Our pathways: engineering, agriculture, graphic design, culinary, early childhood, allied health, welding, industrial maintenance, diesel mechanics, and our business has: accounting, financial services, entrepreneurship, and administrative support. We offer all of these with some really fantastic teachers.”

Student Recognitions

The Board recognized two HCHS students – Rylann Kessans, who made the 2023 All State Choir, and Adalyn Boutcher, National Beta State Convention Painting Champion. All in attendance at the meeting gave a big round of applause in celebration of their outstanding accomplishments.

Rylann, freshman, competed against students from all across the state to make the All State Choir this year. She performed in Louisville at the Kentucky Center for the Arts on Thursday, February 9th, in conjunction with the KMEA Conference.
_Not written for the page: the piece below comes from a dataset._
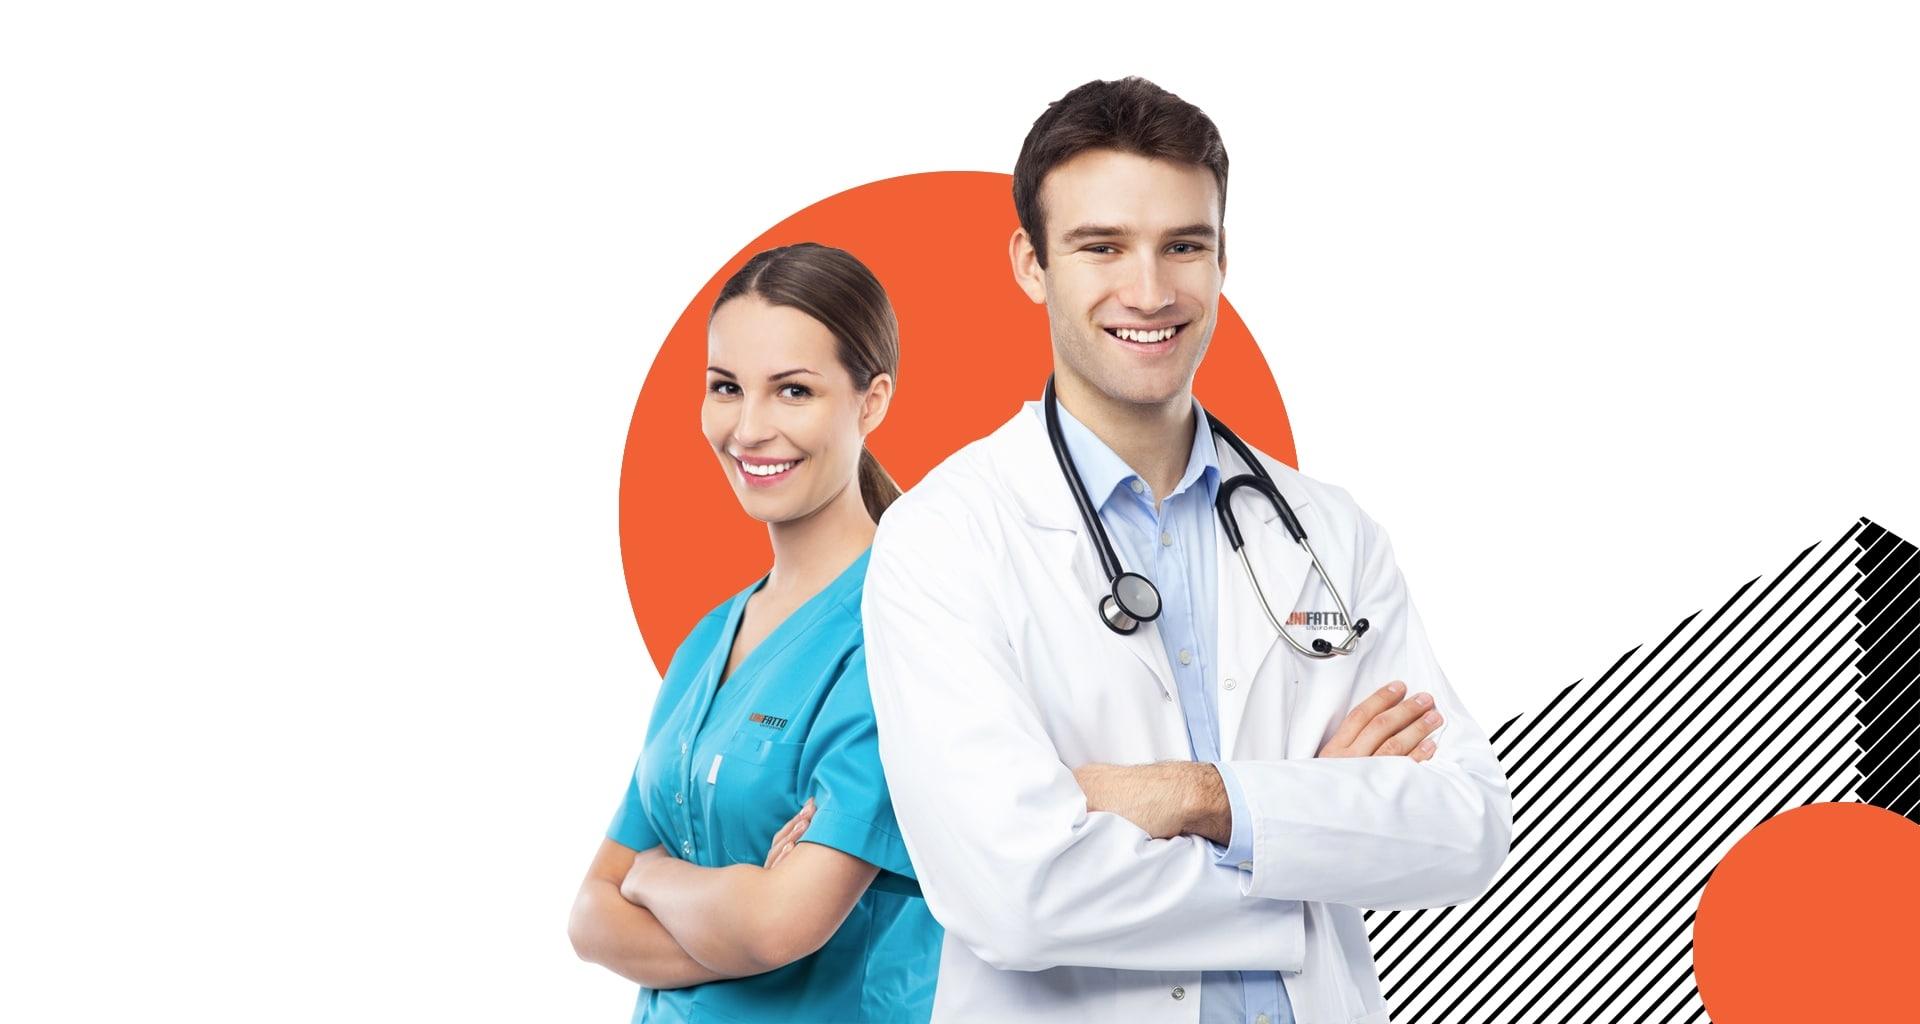 Pessoas usando uniforme hospitalar com a logo da Unifatto

“This is the second year Rylann has competed at All State,” Superintendent Robby Asberry said. He invited her up to speak, and tell about her experience at the conference. “At All State, it’s a really positive environment,” Rylann said. “All these talented people together with this renowned conductor. It’s just a really fun time.”

Adalyn, senior, won First Place in Painting, Division 2, at the National Beta State Convention this year in Lexington, on January 16th, for her acrylic self-portrait. She is now eligible for the National Beta Competition held in June. “It was the first self-portrait I’ve ever done,” Adalyn said.

HCHS Art Teacher, Greg Tate, spoke to the Board about Adalyn’s achievement. “She had painted another piece that she was going to enter, and Addie’s strong point is her portraits. They’re out of this world. We talked a little bit before the contest and about what could push it over the top. Last year she had earned third place doing a portrait of someone else, so we talked about her doing a portrait of herself. This was a picture someone else had taken of her. She painted it in two and a half days. This girl is so talented.”

Superintendent’s Closing Statement

“I felt like those two presentations and ones we’ve had before show that we have a lot of great things going on in our district,” Asberry said. “I have an outstanding administrative team here at central office and all of our buildings’ administration. It’s a team effort. I can’t take any credit on any of these things by myself.”

He listed many achievements they are proud of: “We’ve implemented a new social studies curriculum K-12, improved reading proficiency with new reading curriculums K-5 & 9-12, helped elementary teachers to be trained in Orton-Gillingham and LETRS, which we’re almost at 100%, we’ve improved reading proficiency adding tier one and tier three reading programs, we’ve provided reading interventions for all students K-5 at 30 percentile and below, we’ll be implementing a new science curriculum this year, we have a top 30 school district overall, top 30 high school district, and top 25 middle school district. And, everything else that was said tonight and the last time the middle school and South (Hancock) presented. You have a lot of things going on and, obviously, student achievement and instruction is at the forefront of what we strive for every day.

As we saw with some of the videos tonight, I feel like the culture is really good right now in the district, because we feel like we’re all a part of the same team and we’re all going toward the same goal. I feel like you can tell that when you talk to the teachers.

We communicate expectations and goals during all of our opening day speeches and emails and everything that we’ve put out, conducted multiple media interviews, continued to maintain school safety and scheduled updates, we’ve established visibility in the schools of the community, we’ve recognized multiple recognitions of student success to the board members, and helped fill-in jobs during staff shortages. All-in-all, I feel like our instruction is going right where we need it to go, and I feel the same way about our culture.”

Last Day of School Change

The Board approved an amendment for the 2022-2023 School Calendar. “Last day of school will be Friday, May 19th,” Asberry stated. “Graduation will be that night at 6 p.m.”

Treasurer’s Report

Kara Eckles, Board Treasurer and Director of Finance, reported: “We had receipts of $1,444,492, expenses of $1,268,951, and that balance, at the end of the month, at $7,144,030.